No Brasil, o Sul da Bahia é o líder da produção nacional de cacau, grande parte oriunda de lavouras em sistema cabruca, que tem uma relevância fortíssima na manutenção da Mata Atlântica naquela região. Na Amazônia, o Pará desponta como o principal estado produtor, mas, apesar da predominância do sistema agroflorestal de cultivo, Ricardo Gomes lamenta o surgimento de várias manchas de cacau cultivadas a pleno sol.
Com experiência de atuação com cacauicultores em território baiano, Ricardo Gomes enumera três valores estratégicos e três desafios para a Amazônia. Os valores estratégicos são a ampliação da inclusão socioprodutiva das comunidades rurais, a geração de riqueza para os territórios e a criação de oportunidade de conectar a atividade à agenda climática, principalmente no aspecto da restauração produtiva.

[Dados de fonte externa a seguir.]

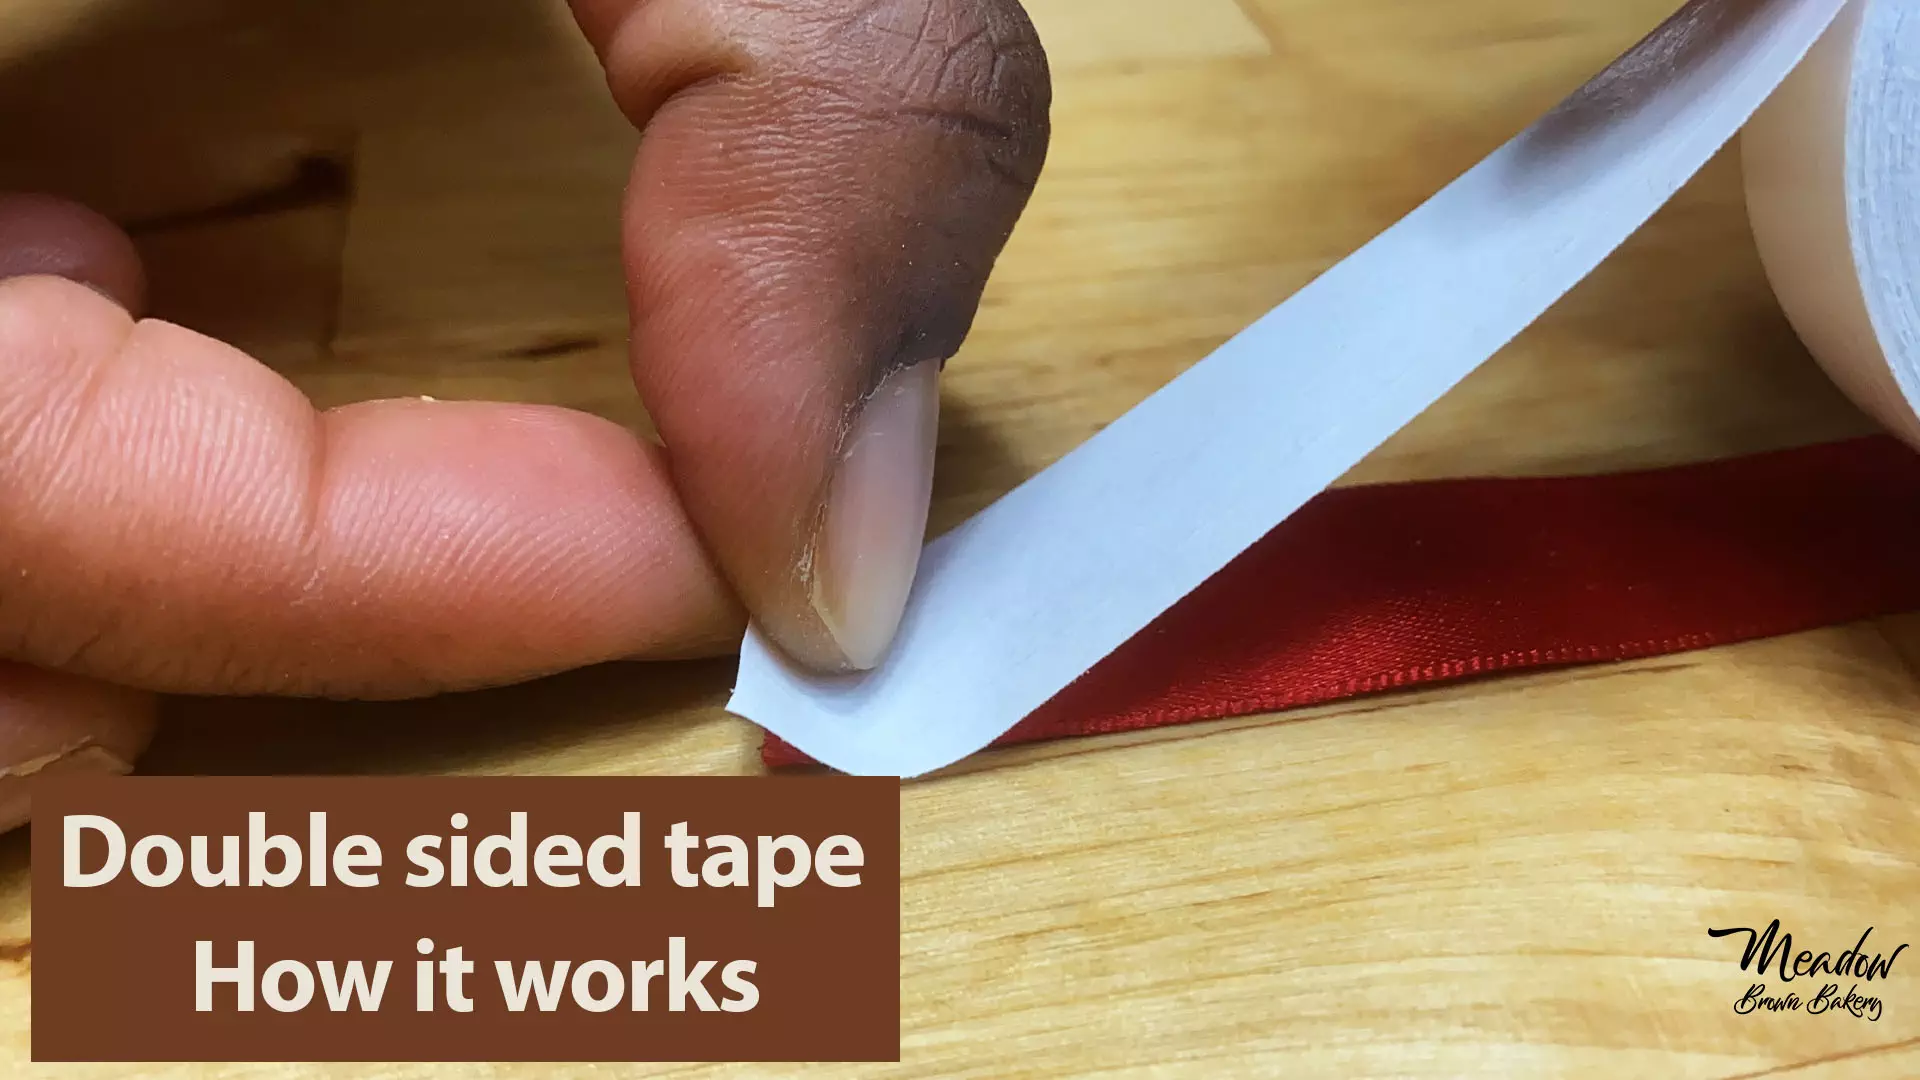 How does double sided tape work

No âmbito dos desafios, Gomes cita a necessidade de um modelo de reconhecimento do valor agregado do cacau produzido em consórcio com a floresta para garantir uma remuneração diferenciada; a implementação de instrumentos, como o PSA, que ajudarão a manter o agricultor no campo; e a assistência técnica adaptada ao modelo de produção agroflorestal, juntamente com acesso a crédito. “Todos esses arranjos são importantes para garantir que a produção de cacau se mantenha nesse modelo sustentável de sistemas agroflorestais”, diz.
Sobre como superar o desafio logístico de infraestrutura na Amazônia, Ricardo Gomes explica que nenhuma iniciativa naquele bioma é trivial, dado o território gigantesco e a deficiência em infraestrutura. A solução é atrair governos estaduais e municipais, além de players do cacau para participar dessa cooperação, juntamente com o Terceiro Setor.

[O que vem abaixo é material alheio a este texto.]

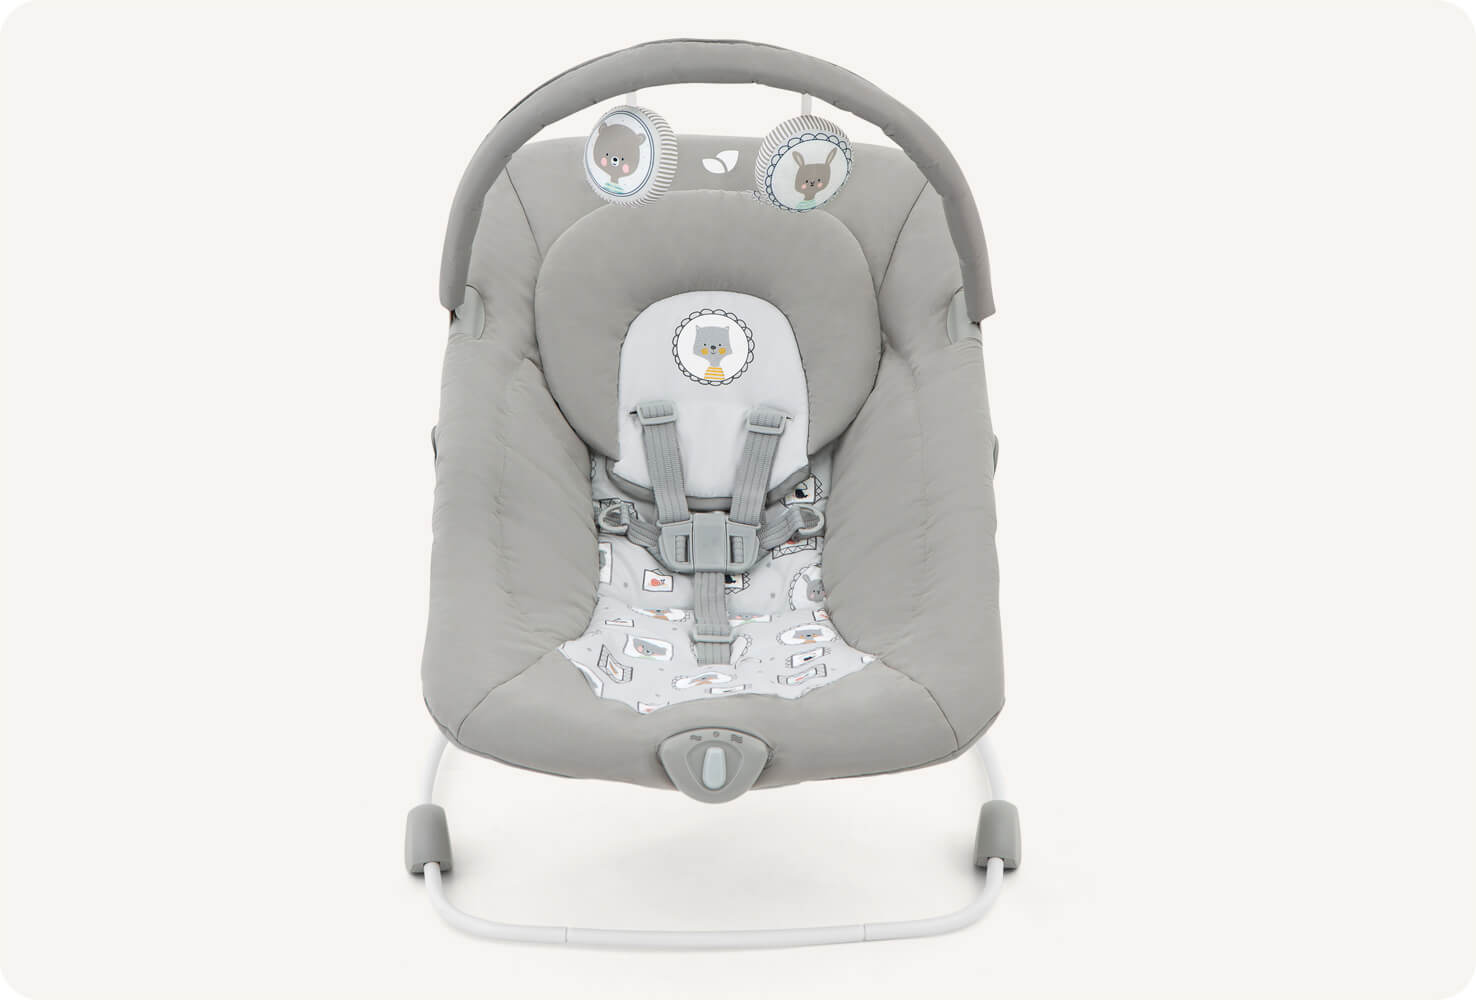   Frontal view of Joie light gray wish bouncer.

“A partir dessa construção de estratégias em rede, alinhadas à agenda climática, à geração de renda e à oportunidade de inclusão produtiva, é possível viabilizar a atividade não só em comunidades mais favoráveis do ponto de vista logístico”, acredita Ricardo Gomes.
A ponte de cooperação que se procura erguer entre os dois biomas a partir dessa edição do Notas Amazônicas é uma forma, segundo Georgia Jordão, de democratizar o acesso a certas atividades que ainda não fazem parte da realidade de muitas comunidades amazônidas. Mas atividades econômicas, mesmo quando conectadas à manutenção do bioma, como a cabruca, devem ser planejadas com muita atenção à já combalida biodiversidade.
O conjunto de países da América Latina e Caribe acumula um declínio de nada menos que 94% na saúde das populações de fauna e flora monitoradas desde 1970 pelo Índice Planeta Vivo do WWF, frente a um decréscimo de 69% no âmbito global. A organização ambiental afirma que, “embora os esforços de conservação estejam ajudando, é preciso agir com urgência se quisermos reverter a perda da natureza e adotar soluções integradas”.
Mais um motivo para revisitar John Muir que, em um tempo tão distante, antecipou os problemas ambientais e lutou pela criação de áreas protegidas em seu país. Apaixonado pela natureza, ele dizia: “em cada caminhada com a natureza recebemos muito mais do que procuramos”.